Digraphs, Trigraphs and n-graphs

Something that comes naturally on touch screens but do not on physical keyboards is "sliding" between keys, or "swiping". Let's use this to our strength. Consider the following silly example, which is the best I can come up with just before lunch:

Browning singled out an amazing finger filling, and accordingly Bingo cringed. It's appalling!

You get the point. Count the number of "-ing-"s in that paragraph. Hopefully you get nine, or the lack of food is seriously getting to me.

Something like "ing" should be convenient to type on our keyboard. What if we arrange the keys such that the keys for "ing" are adjacent to each other? Like this:

+----+  +----+  +----+
|    |  |    |  |    |
| I  |  | N  |  | G  |
+----+  +----+  +----+

If we let the user swipe from one key to the next, now they could type "ing" with a single stroke. In the silly example, that's a stroke reduction of – wait for it – almost 20%!

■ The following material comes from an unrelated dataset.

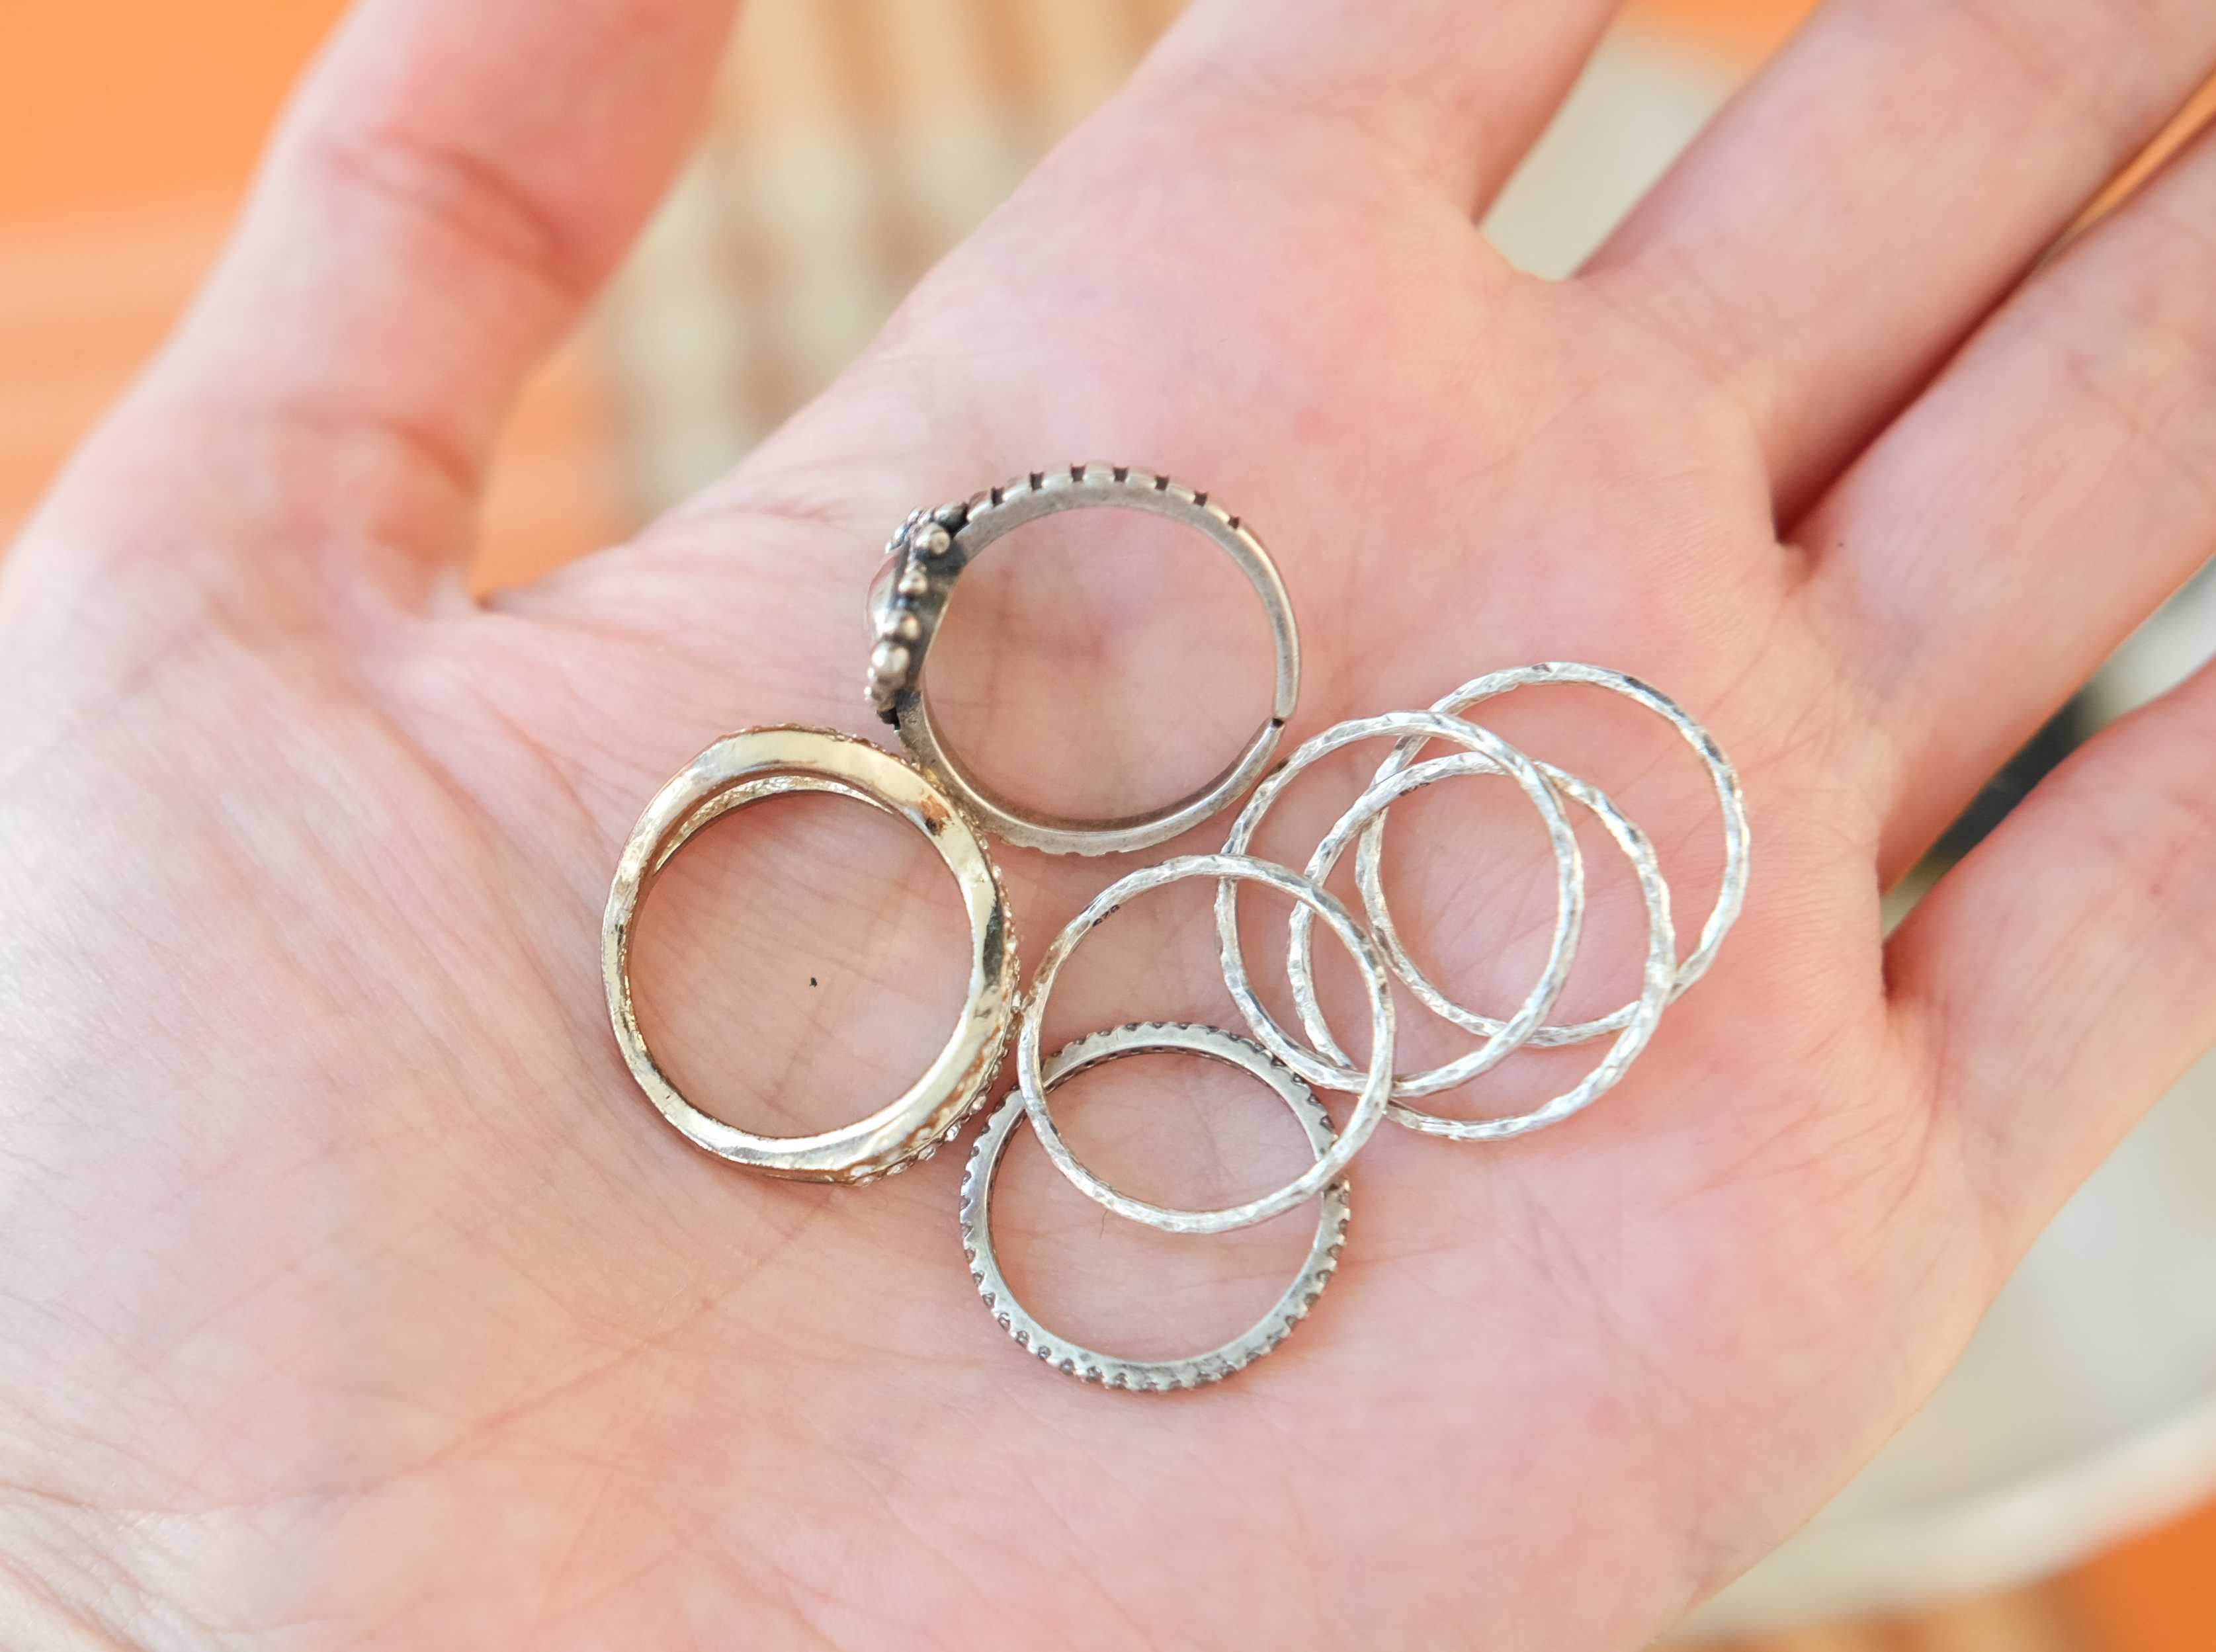 Необычные серебряные рельефные кольца, серебро 925 проба,16 мм диаметр

This is called n-graph analysis (digraph is special case n=2, trigraph is special case n=3) and concerns the frequency of certain combinations of letters occurring together. It is clearly something we want to use to make input more efficient. There are some other ideas here that I stole from an old web page that I can't find anymore – but now someone on IRC linked it back to me! They are these:

In case it isn't obvious by now, trash the horizontal shape of the typewriter keyboard. Making the keyboard close to square gives you more area for each virtual key.
Common letters should probably be located centrally, making them easier to reach for lefties and righties alike.
If we put the space key in the middle (and make it as small as a regular key – why should this key get to occupy the same space as like five regular keys? It's not that important!) we give the users the capability of not interrupting a stroke at each word boundary – they can go from the end of a word, over the space, onto the beginning of the next word, all in one smooth stroke.
What about common digraphs that can't be next to each other because all four neighbouring slots are already occupied? This is a problem. Two-thumb typing suggests they should be located on opposite sides of the keyboard, to allow for hand alternation. One-thumb typists want them to still be as close as possible to each other, to minimise finger travel. No clear answer here.
However, and this is where it gets a bit hardcore, digraphs that commonly end and begin words should definitely be located centrally, around the space key. This is especially useful with something like "de-" which is a common prefix (word beginning) as well as a common suffix (word ending) in the form of "-ed". You see? We can put "d" next to the space key, and "e" outside of that. If the user wants to say "we tried defusing the situation" you'll notice that the central portion of "[tri]ed de[fusing]" can be written as one stroke by just going back and forth. We gained a suffix for free by giving the user a prefix!
Okay and here's a cool one. Make the keys shaped like hexagons. Put them in a honeycomb-like grid. Why? It increases the number of neighbours they have, allowing the user to slide between keys to create more letter combinations.

KeyBee

A prototype of this exists in the Google Play Android app store. It's called KeyBee. It doesn't yet support very many languages, because 1) it's not very popular, and 2) it's a one-man spare-time effort. It does however work decently for Swedish using the German layout.

I suggest trying it out for a week or so, which should be enough to learn to use it properly. It needs more people to talk about it because it's actually pretty great.

I know it's not QWERTY-based at all, so it will take a while to learn. That's okay. Familiarity with one interface is not an excuse to try to shoehorn that interface into every interaction of your life. Learning new interfaces is good not only because it teaches you new interfaces, but also because you get better at learning new interfaces – a very useful skill indeed.